Quote the listing below in full and exactly as written, but omit every picture.

▶ [Given information]
════════════════════

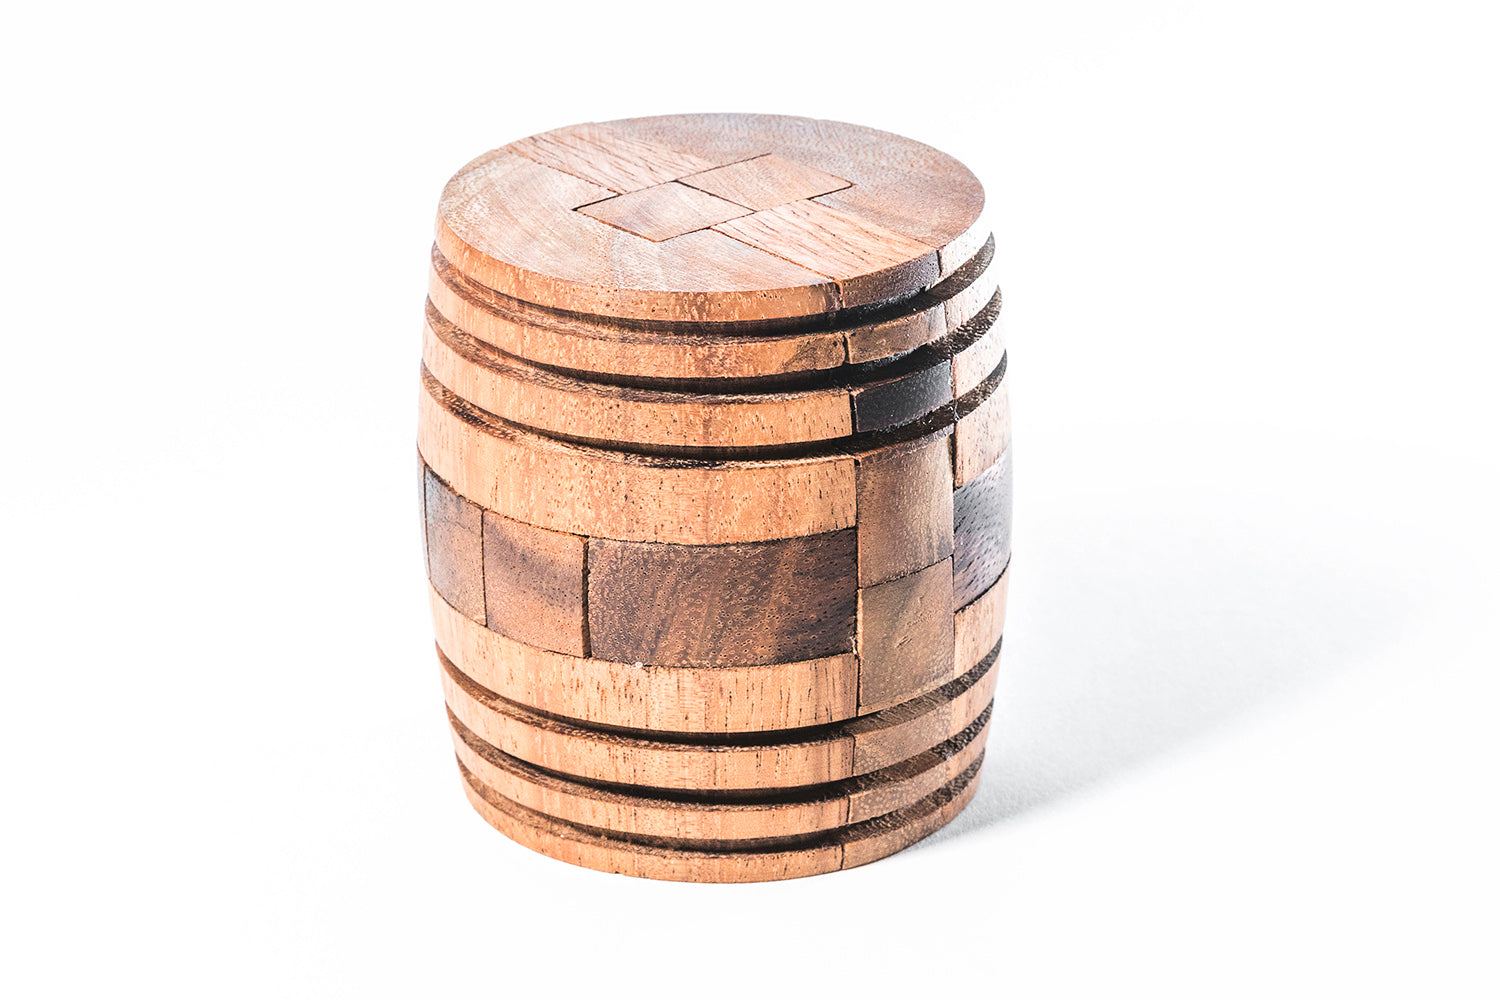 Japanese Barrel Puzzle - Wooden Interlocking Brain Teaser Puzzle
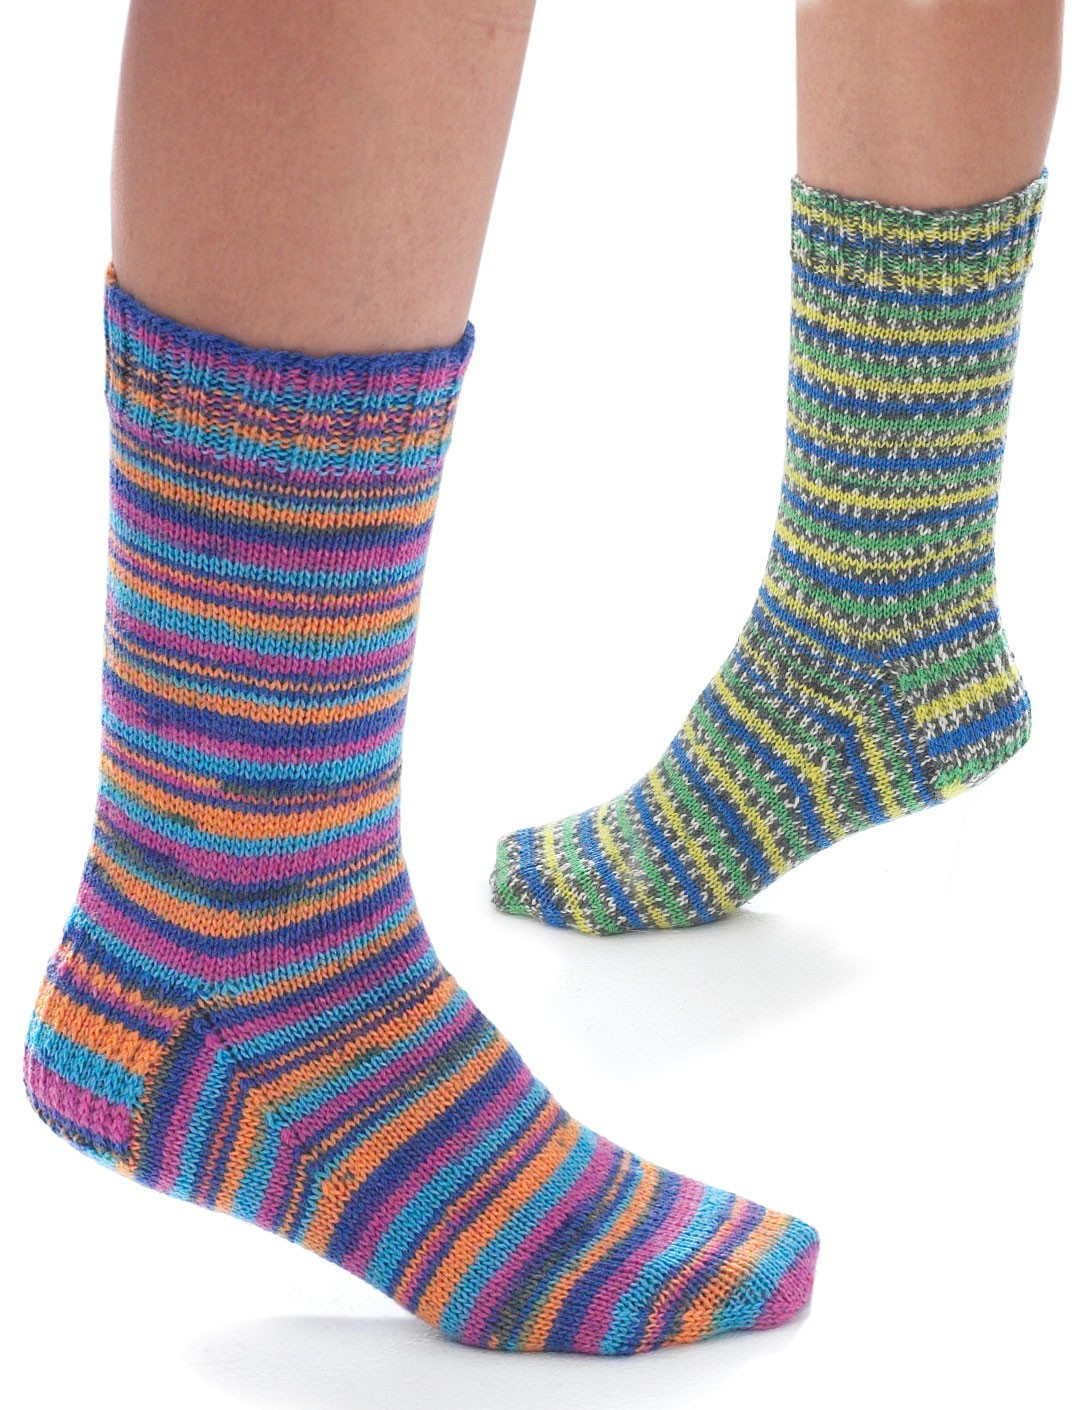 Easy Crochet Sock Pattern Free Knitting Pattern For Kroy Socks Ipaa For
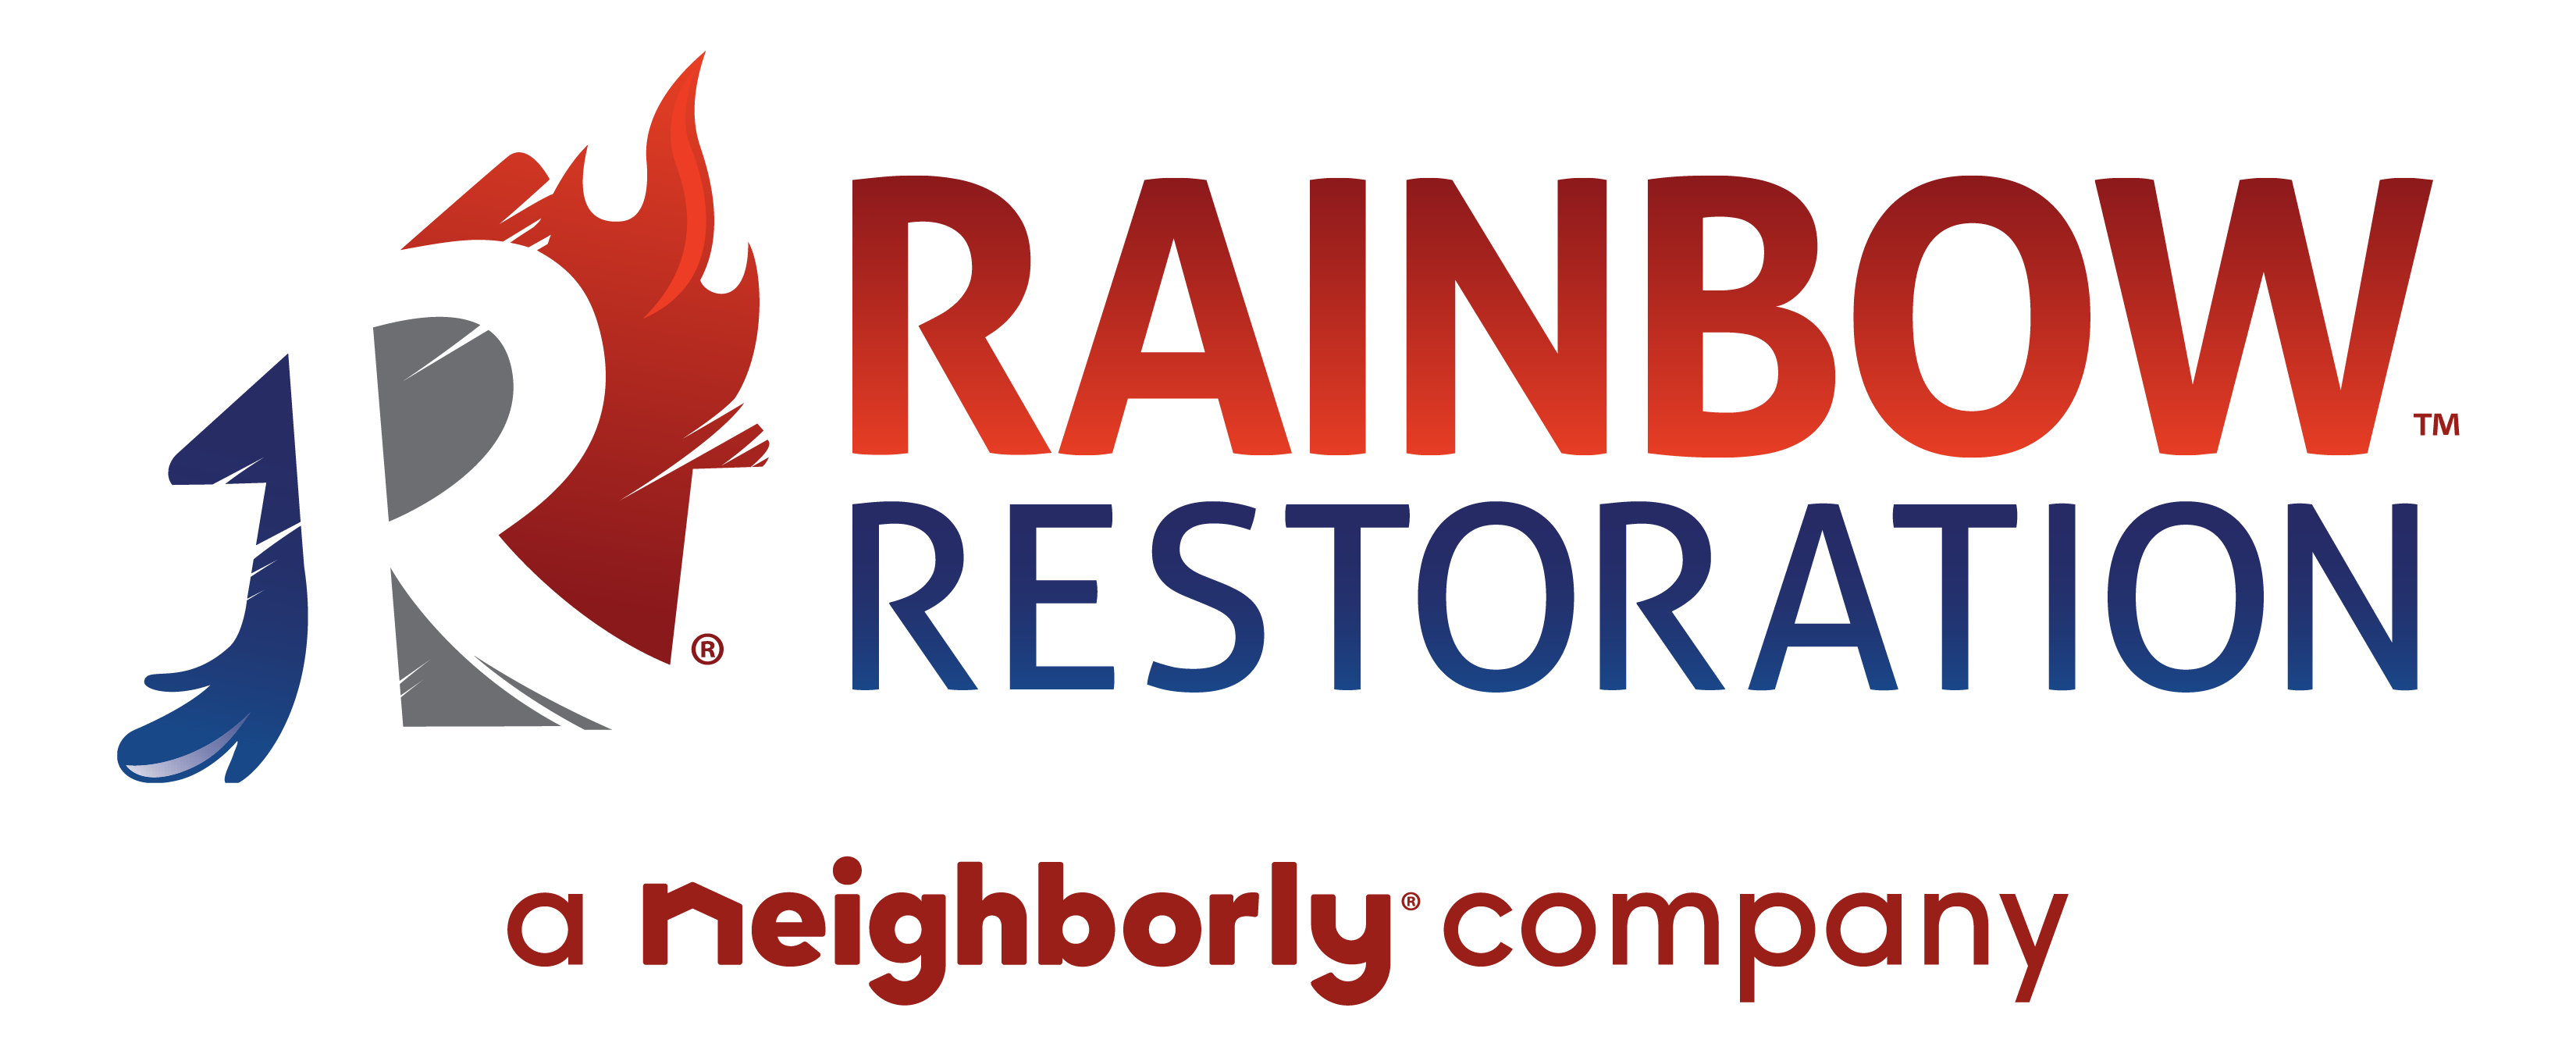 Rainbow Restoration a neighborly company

════════════════════

▶ [Answer to this exercise]
 Japanese Barrel Puzzle - Wooden Interlocking Brain Teaser Puzzle
 Easy Crochet Sock Pattern Free Knitting Pattern For Kroy Socks Ipaa For
 Rainbow Restoration a neighborly company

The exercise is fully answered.